Reprise du débourrage.

Ca y est, après des mois d’arrêt à cause de l’hiver puis par la suite du mauvais temps, Alain est revenu pour finir le débourrage de Coccinelle pour mon plus grand bonheur.

Pour tous ceux qui aimeraient lire en détail nos séances, c’est ici. Alors, après tout ce temps, j’appréhendais un peu le verdict d’Alain. Car même si il n’était pas venu durant plusieurs mois, de mon côté je travaillais la miss.

Alors, alors : Pour Alain, il est évident que cette pause à été plus que bénéfique. En effet, la miss est enfin posée, elle ne se dérobe plus et cherche le contact et à faire plaisir. Elle est bien sûr encore jeune et par conséquent a des réactions un peu vives par moment, mais elle reste très gérable pour son jeune âge.

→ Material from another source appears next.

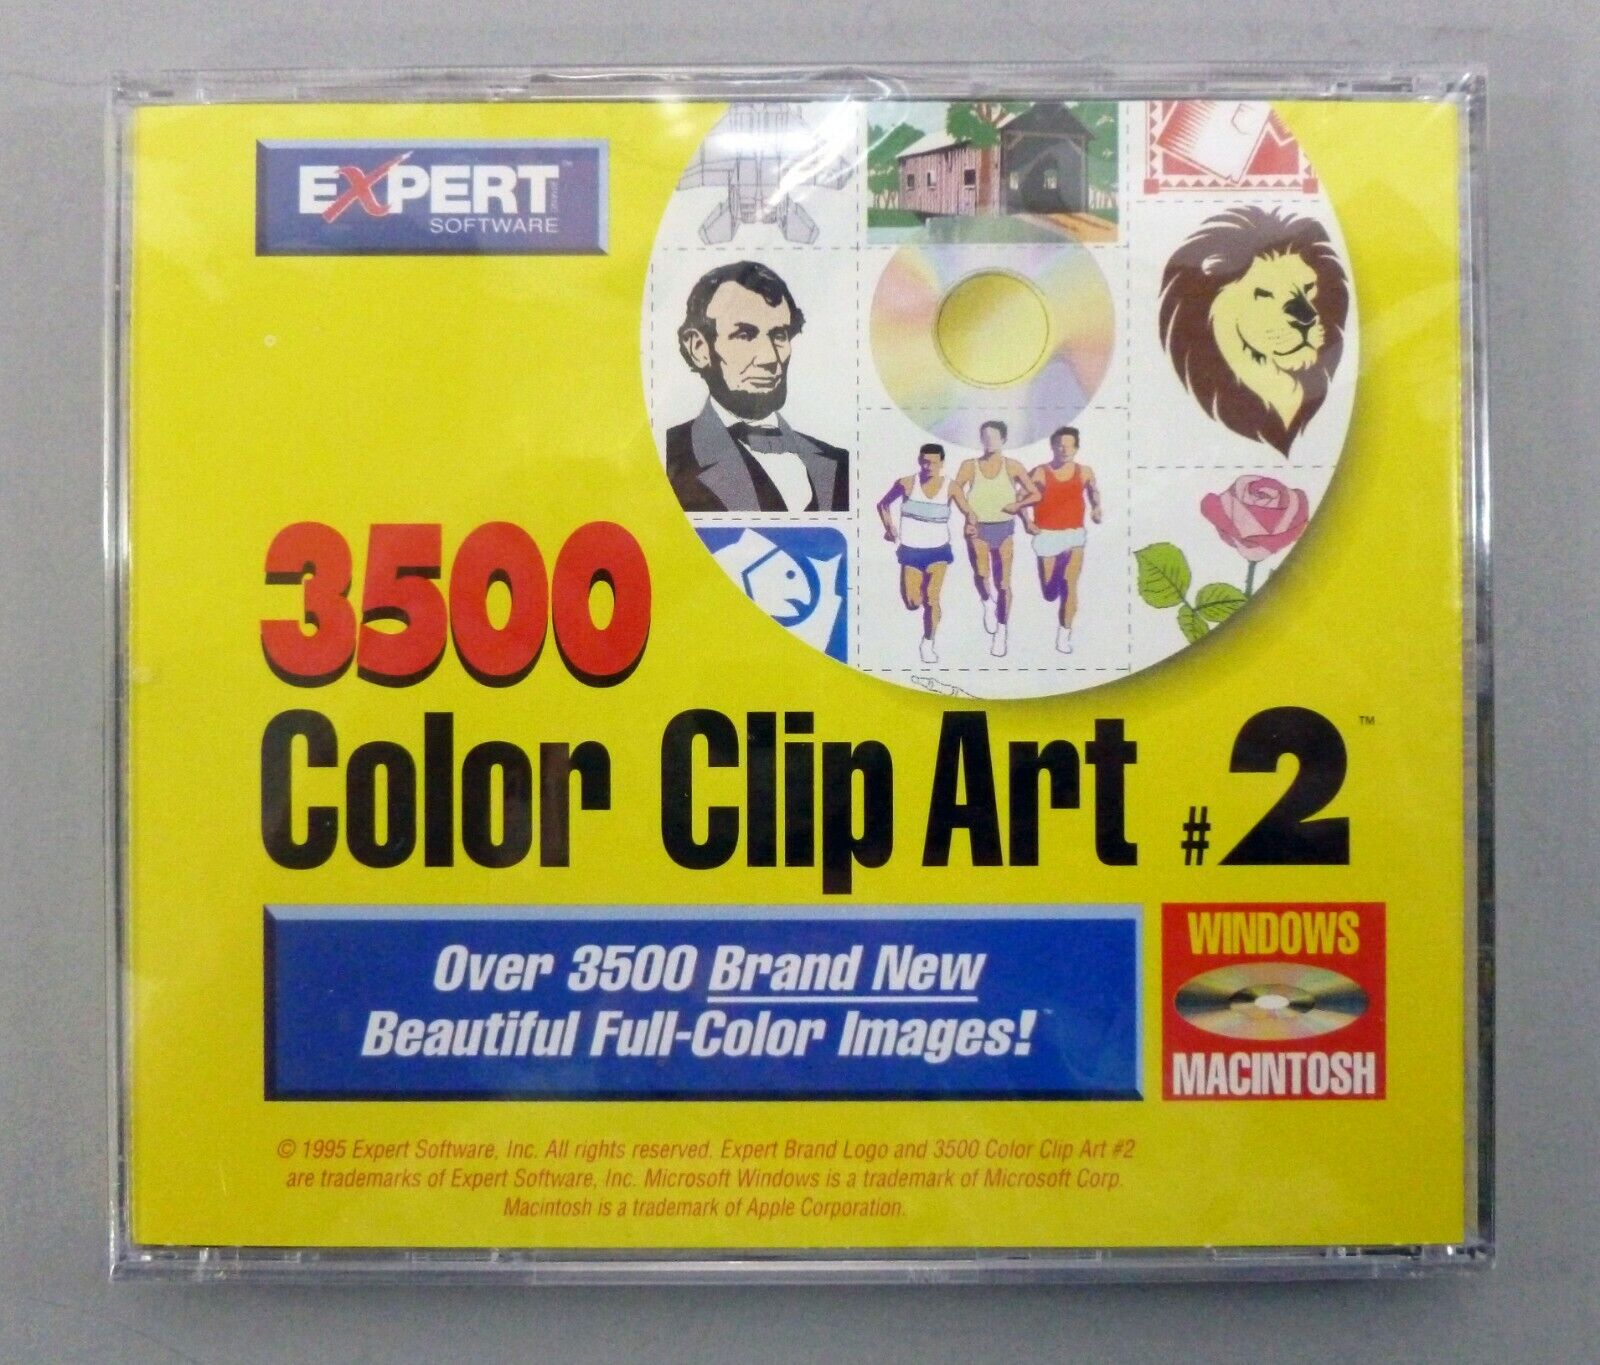 Vintage Expert 3500 Color Clip Art # 2 CD

Je sors à présent en selle avec la miss. On se fait des petites balades. Pour le moment, toujours la même. Je ne peux malheureusement pas varier, du fait de passage de rivière qu’il faut qu’on travaille, Coc’s à la fâcheuse tendance de se rouler dans l’eau et de l’autre à cause d’un monde trop important. Je ne me sens pas capable de la gérer avec tous les enfants qui crient et qui courent.

Du coup, lors de la première sortie vraiment seule, avec un parcours défini, on a rencontré des cygnes… Ma jument s’est totalement figée en les voyants, impossible de faire quoique ce soit avec elle, j’ai du descendre est passé devant. Et même ainsi, ce fût assez laborieux. J’ai traîné à hauteur des cygnes afin qu’elle comprenne qu’ils n’allaient pas la tuer et on a repris la balade plus loin. Le reste fût du coup un peu saccadé, car elle était stressée comme tout.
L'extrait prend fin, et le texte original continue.